Earlier this month, the General Accounting Office issued a report on the impact of the exemption of small public companies from the Sarbanes-Oxley Act’s internal control attestation requirements. In 2010, the Dodd-Frank Act exempted public companies with market capitalization of less than $75 million from section 404(b) of the Sarbanes-Oxley Act, which requires that public companies obtain an annual audit by a registered public accounting firm of their internal control over financial reporting. The Act also directed the GAO to conduct a study of the impact of this exemption and report to Congress within three years of enactment of the Dodd-Frank Act.
The report found that since the implementation of the auditor attestation requirement, companies exempt from the requirement have had more financial restatements that nonexempt companies, and the percentage of exempt companies restating generally has exceeded that of nonexempt companies. The GAO considered, but did not reach any firm conclusions on, whether the costs of compliance with the attestation requirement by small companies exceeded the benefits. The report did cite evidence that compliance with the auditor attestation requirement has a positive impact on investor confidence.
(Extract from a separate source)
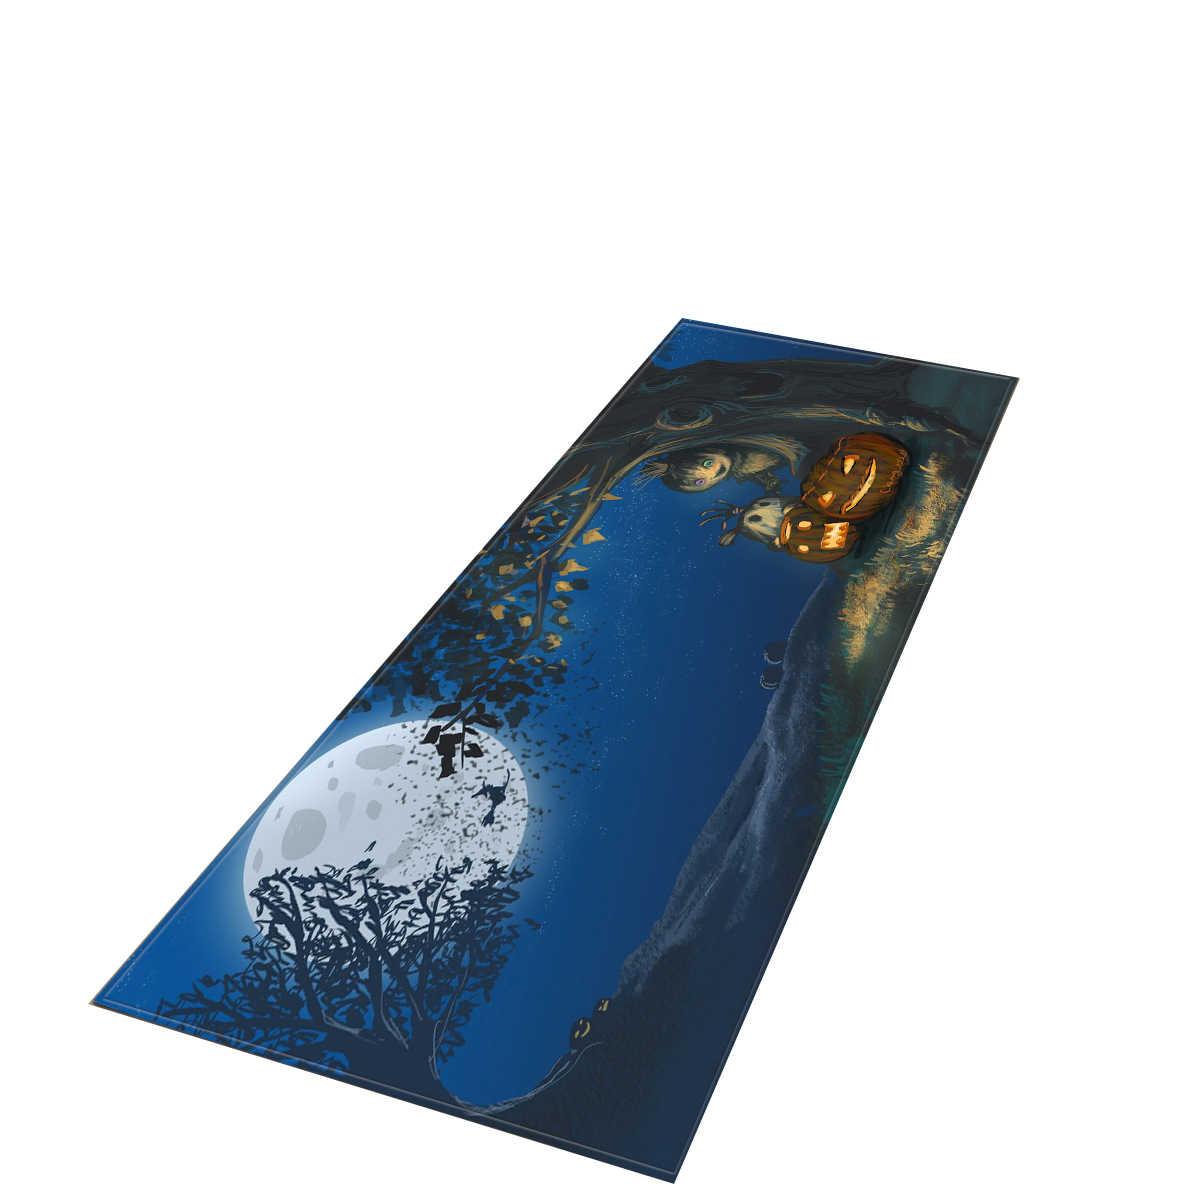 Zeegle ハロウィンカーペットロング長方形キッチンラグカーペットのリビングルームのカーペット廊下床敷物洗えるカーペット寝室用
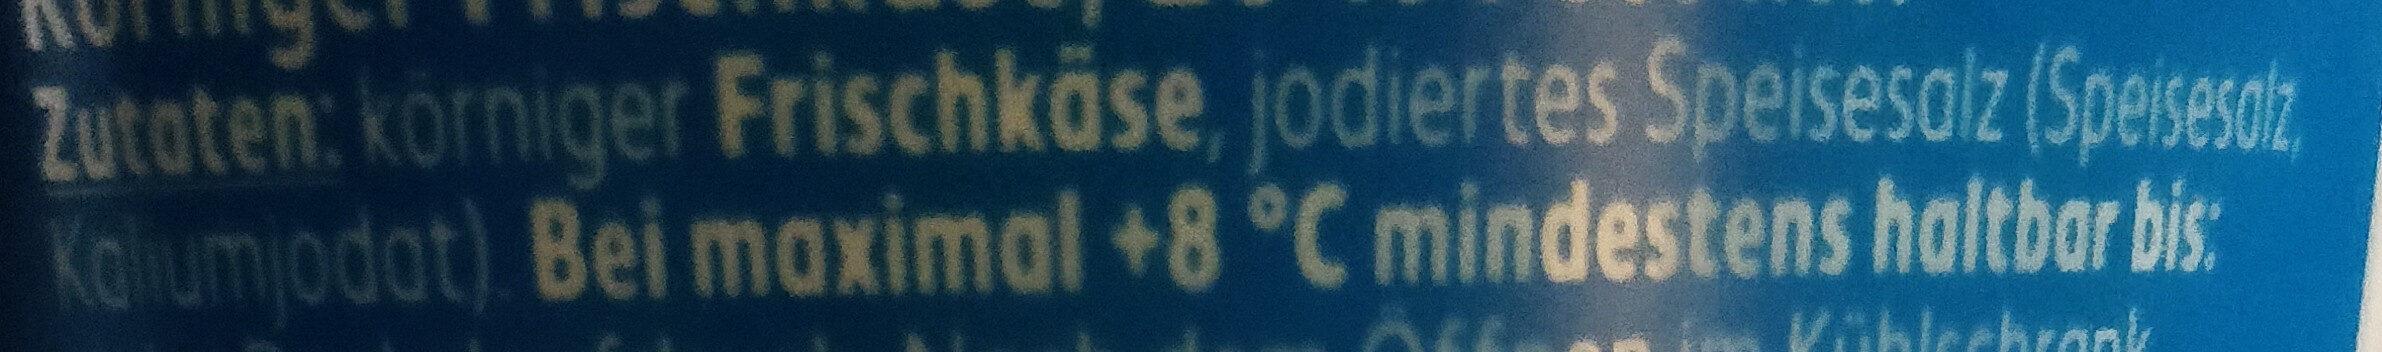 Körniger Frischkäse - Ingrédients - de

The GAO’s only recommendation was that the SEC consider requiring exempted public companies to explicitly disclose whether they obtained an auditor attestation of their internal controls. The SEC advised the GAO that such information can be easily determined by investors from information that is already disclosed in the annual report. But the GAO nonetheless concluded that an explicit disclosure “would increase transparency and investor protection by making investors readily aware of this important information.”